Michael Bird is best known as a biblical scholar. His book A Bird’s Eye View of Paul is our introductory text on Paul in Porterbrook Seminary. (Apparently the US Publishers didn’t appreciate the punning title and published it under the more prosaic, Introducing Paul.)
Now Bird has produced a lively systematic theology. Bird is evangelical, Reformed, Calvinistic and Anglican (with a Baptist background). What makes Evangelical Theology distinctive, he claims, it its focus on the gospel. This is gospel-centred systematics. He says, ‘I intend to undertake this theological exercise of constructing an evangelical theology by putting the “evangel” at the helm.’ (21) Here’s how this evangel-ical theology is to be undertaken: ‘1. Define the gospel … 2. Identify the relationship of the various loci to the gospel … 3. Embark on a creative dialogue between the sources of theology … 4. Describe what the loci look like when appropriated and applied in the light of the gospel … 5 … What array of behaviours, activities, applications, and consequences follow on from [these] findings.’ (81-82)

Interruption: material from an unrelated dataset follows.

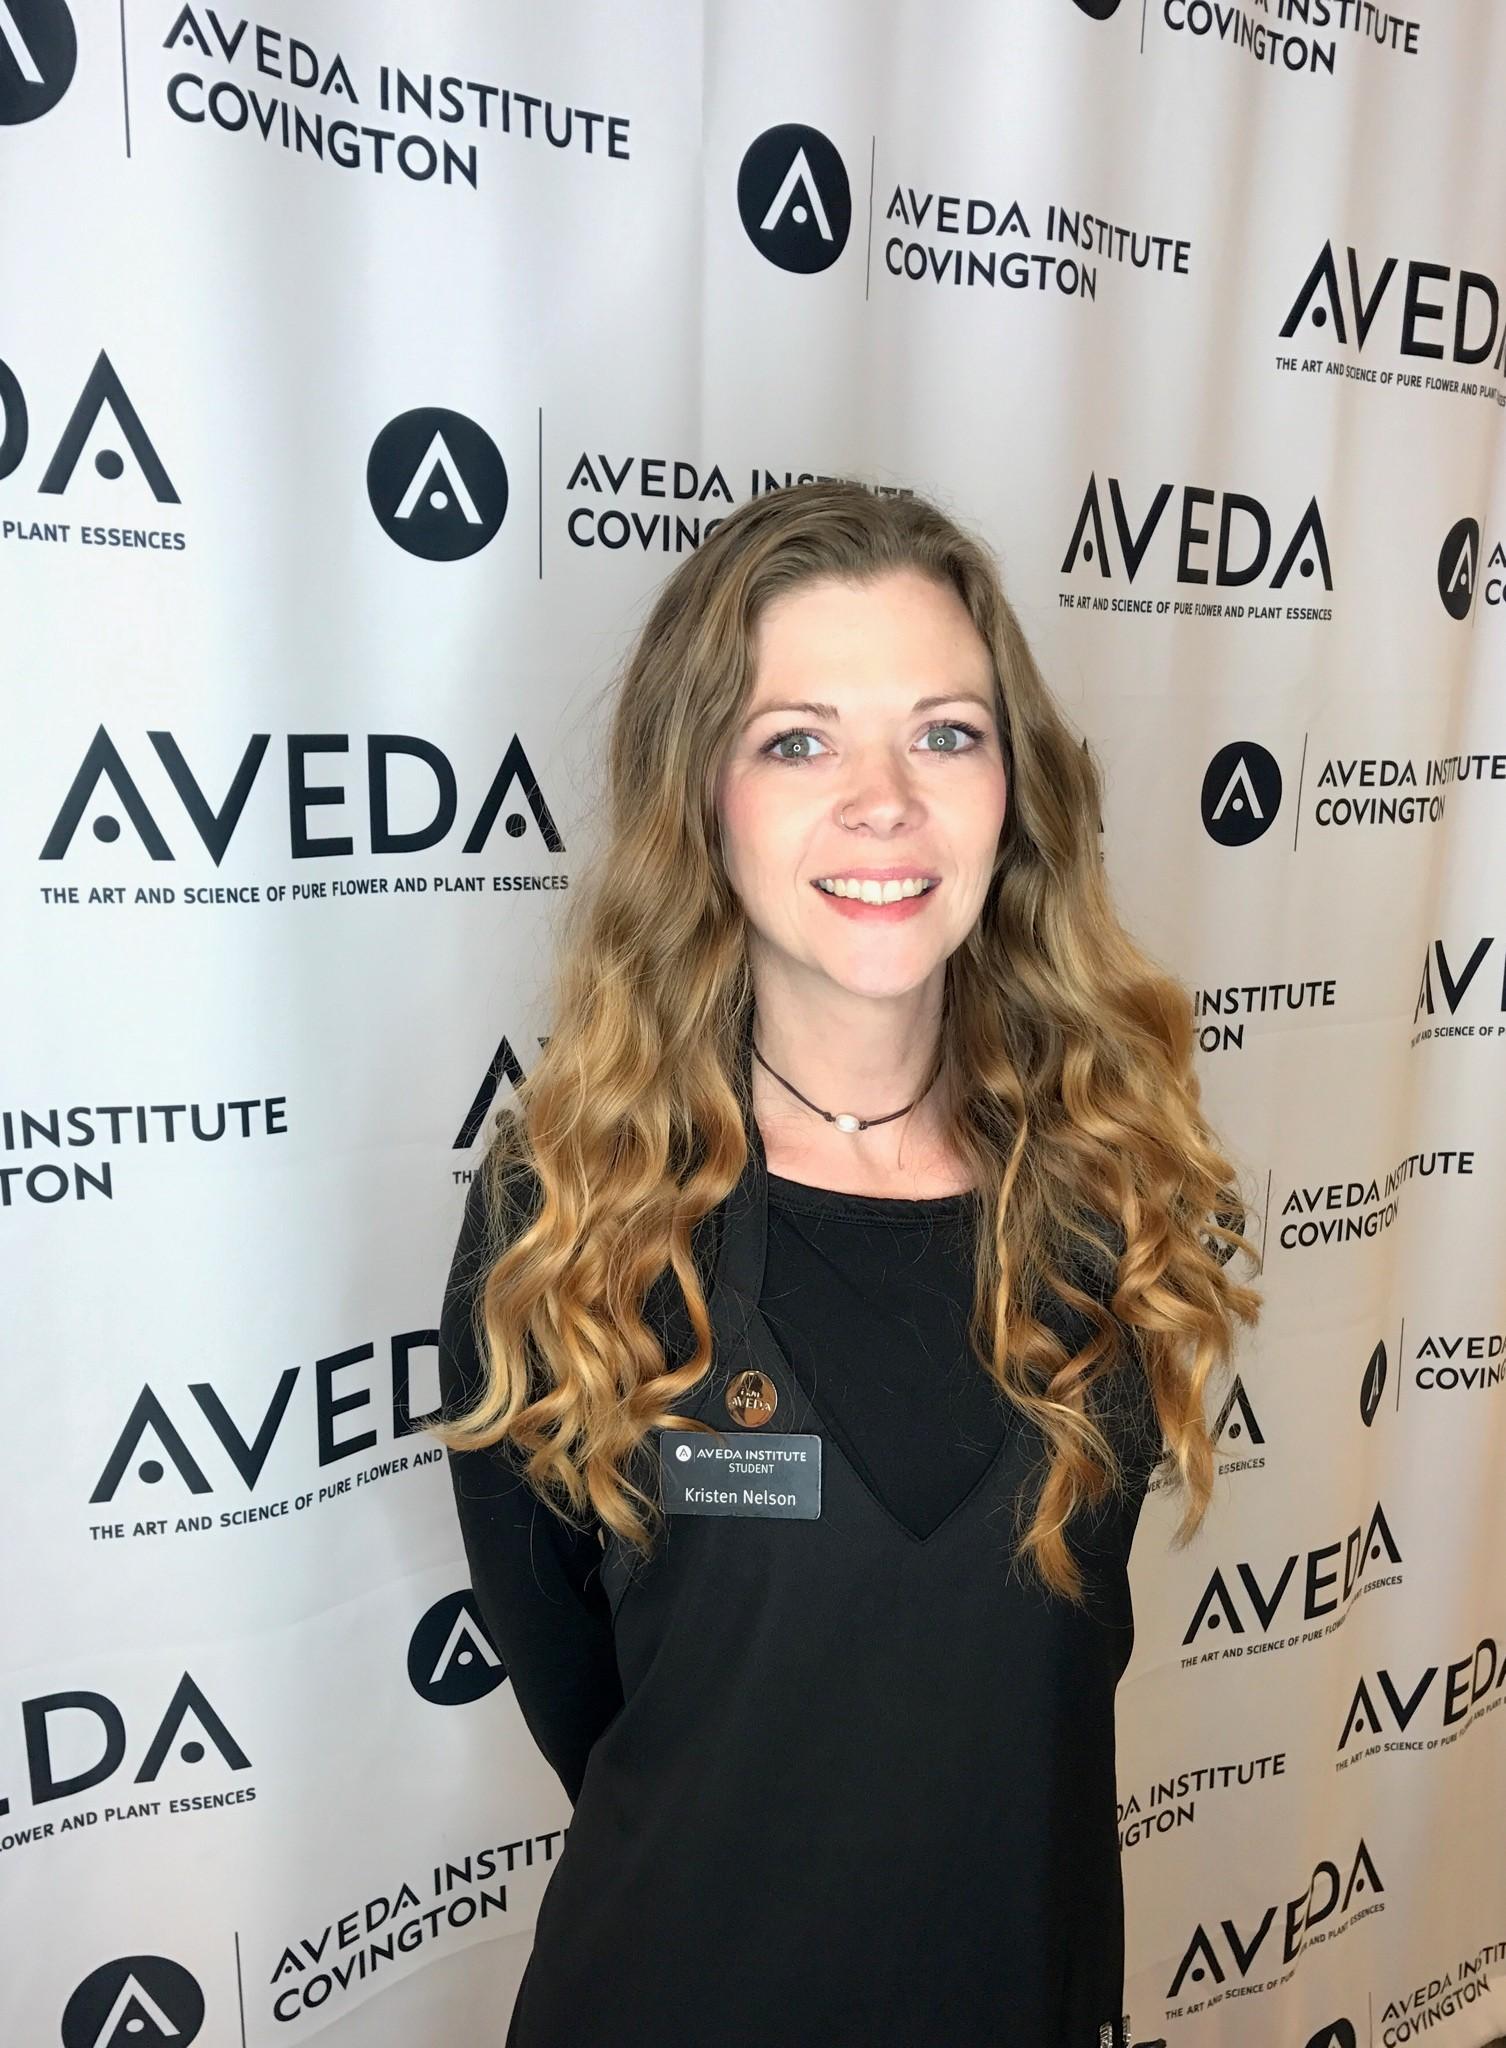 Aveda Covington Student

This gospel-centred approach means, for example, that the order of topics is different from most other systematic theologies, especially the place of eschatology (the kingdom of God). Bird’s order is: revelation, Trinity, eschatology, christology, soteriology, pneumatology, anthropology and ecclesiology. This reflects Bird’s definition of the gospel: ‘The gospel is the announcement that God’s kingdom has come in the life, death, and resurrection of Jesus of Nazareth, the Lord and Messiah, in fulfilment of Israel’s Scriptures. The gospel evokes faith, repentance, and discipleship; its accompanying effects include salvation and the gift of the Holy Spirit.’ (52) Bird is not the first person to put eschatology nearer the front end of systematics (see, for example, Peter Jensen’s shorter At the Heart of the Universe). But it is good a move. This is systematics shaped more by the narrative of the Bible than logical structures.

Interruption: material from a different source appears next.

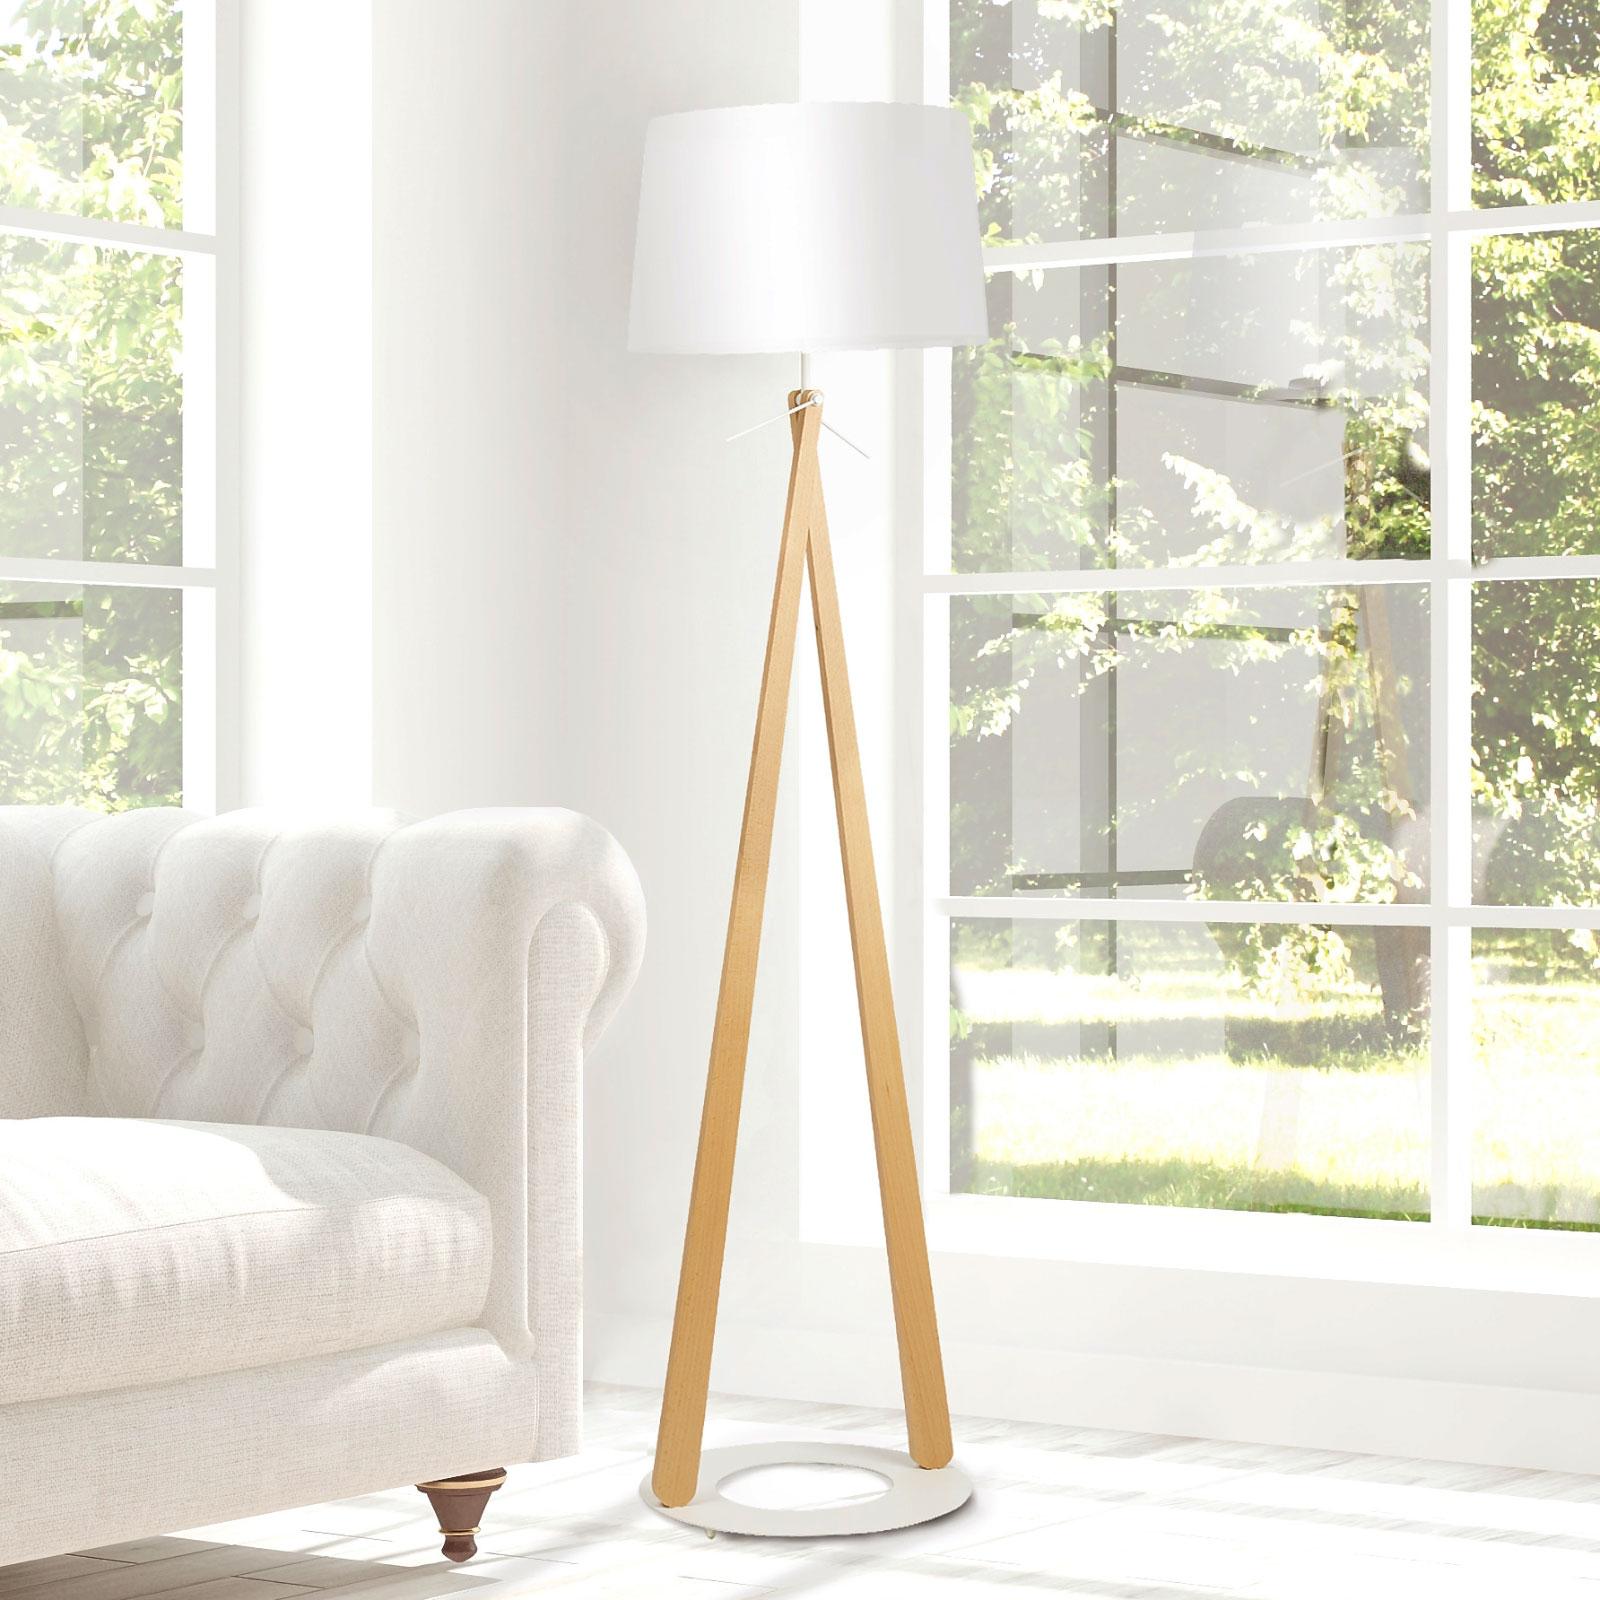 Vloerlamp Zazou LS, textiel-kap, witte lamphouder

The book is over 800 pages long with another 100 pages of bibliography and indices. But any sense that this might be an intimidating read is soon dispelled by the lively, engaging and occasional jocular style. This might irritate some, myself included. That said, people like me have plenty of more sombre alternative systematic theologies to turn to and I suspect it will lighten the process for a younger audience. Here’s a sample: ‘When I explain Calvinism to people, I usually say this: “People suck, they suck in sin, they are suckness unto death. And the God who is rich in mercy takes the initiative to save people from the penalty, the power, and even the presence of this sin. This is Calvinism, the rest is commentary.’ (24) Or on page 451 we are given ‘some comic belief’: ‘Why does God always have to use his left hand? Because Jesus is sitting on his right hand!’ At this point I’m getting pretty fed up with the jokes There are also some anomalies in terms of the level at which it is pitched. The first item we meet the word ‘epistemology’, for example, it is defined, but not the rarer and more complex word, ‘nominalism’.

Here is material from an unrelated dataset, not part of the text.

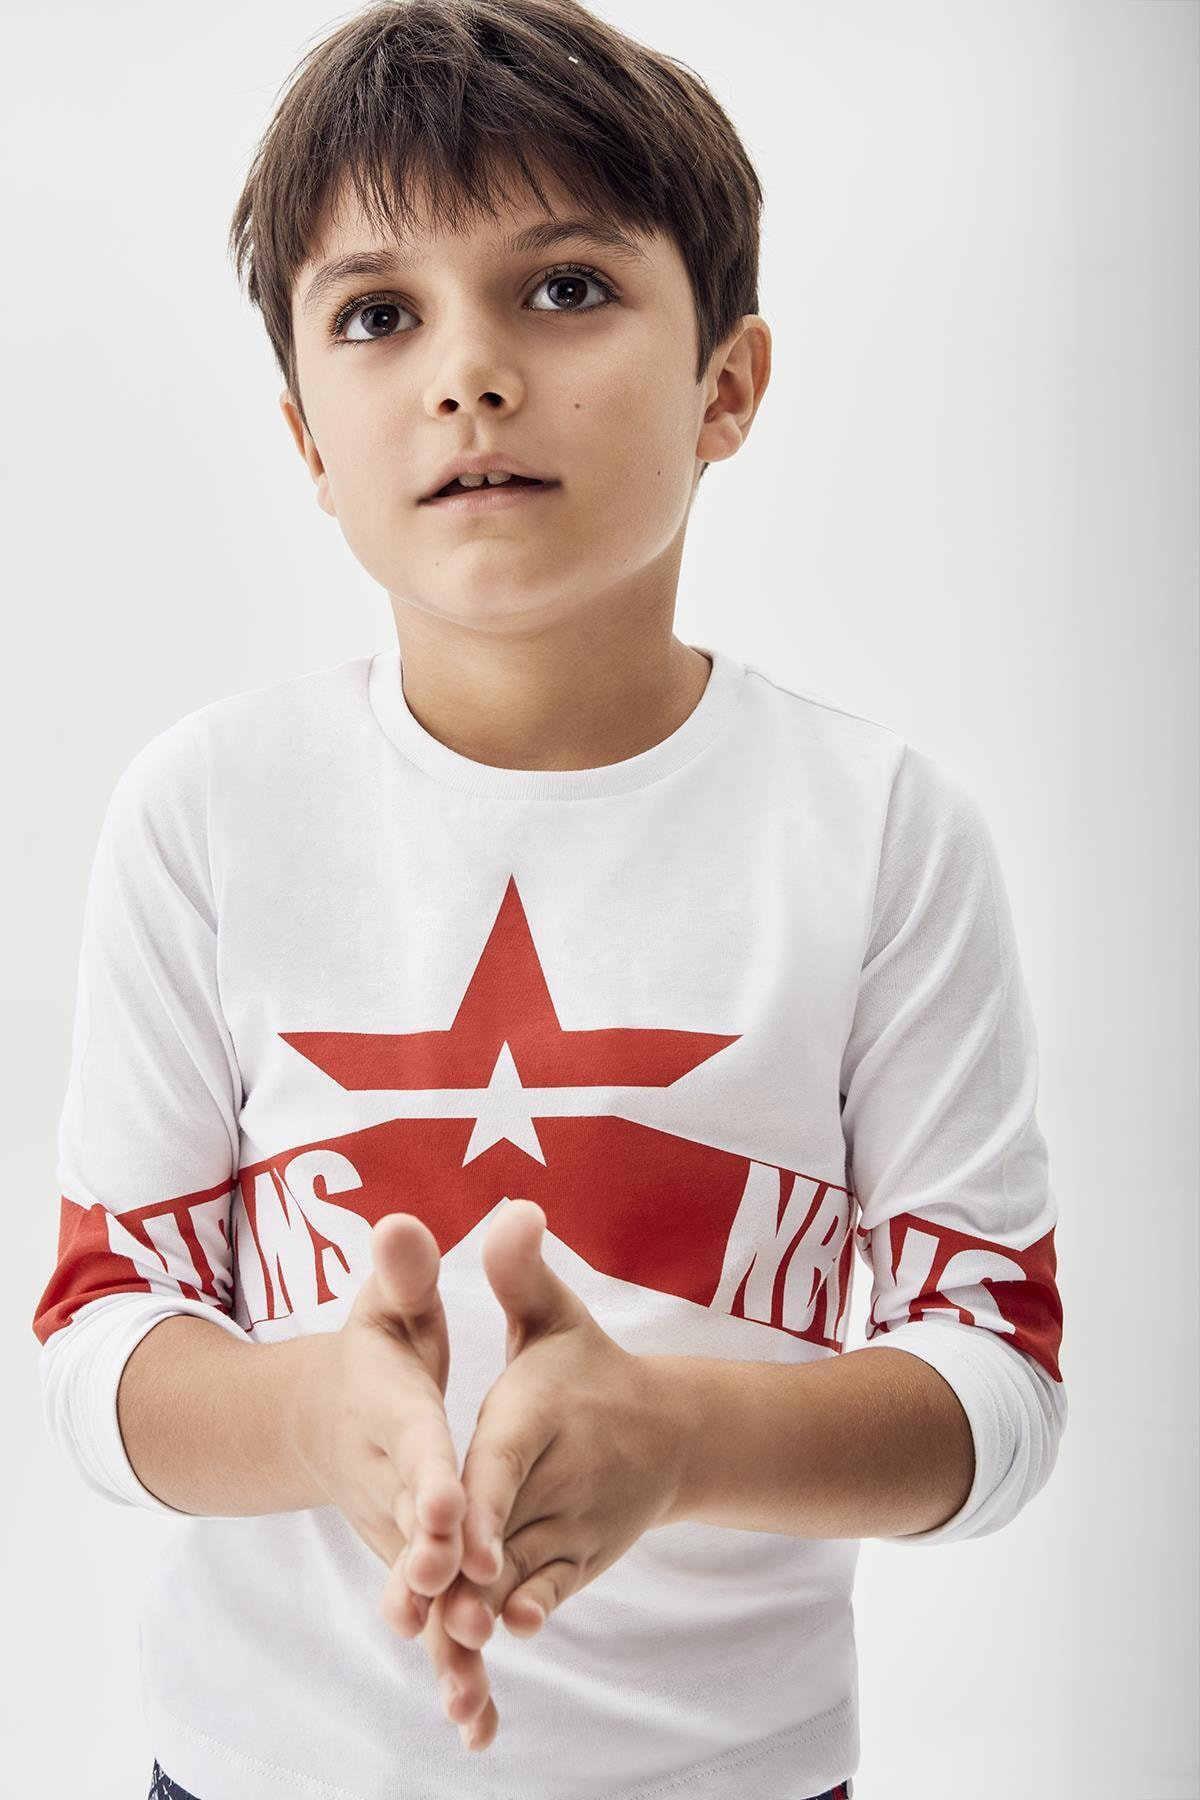 Nebbati Erkek Çocuk Beyaz T-shirt 20pfwnb3501 1

As with any such undertaking there are points where I disagree with Bird. Stephen Williams highlights some specific deficiencies in his review in Themelios. The idea of creating gospel-centred systematics is welcome. But I’m not persuaded the ‘gospel-at-the-helm’ approach has created something which is very different from other evangelical systematic theologies. There is regular engagement with contemporary theological debates which is welcome and many readers will find this helpful and engaging. But I’m not sure that the missional implications come through as much as they could in a systematics with the gospel at the helm. Nevertheless I would happily use it with people.
We seem to have a growing number of good contemporary, thorough introductions to systematic theology at the moment. For example:
- Michael Horton, Pilgrim Theology (amazon.com and thinkivp).
- Michael Horton, The Christian Faith (amazon.com and thinkivp).
- Gregg Allison, Historical Theology (amazon.com and thinkivp).
- Alister McGrath, Christian Theology (amazon.com and thinkivp).
- Tony Lane, Exploring Christian Doctrine (amazon.com and thinkivp).
- John Frame, Salvation Belong to The Lord (amazon.com and thinkivp).
- John Frame, Systematic Theology (amazon.com and thinkivp).
All of them are have their distinctive emphases and styles. My problem is I can’t decide which I like best.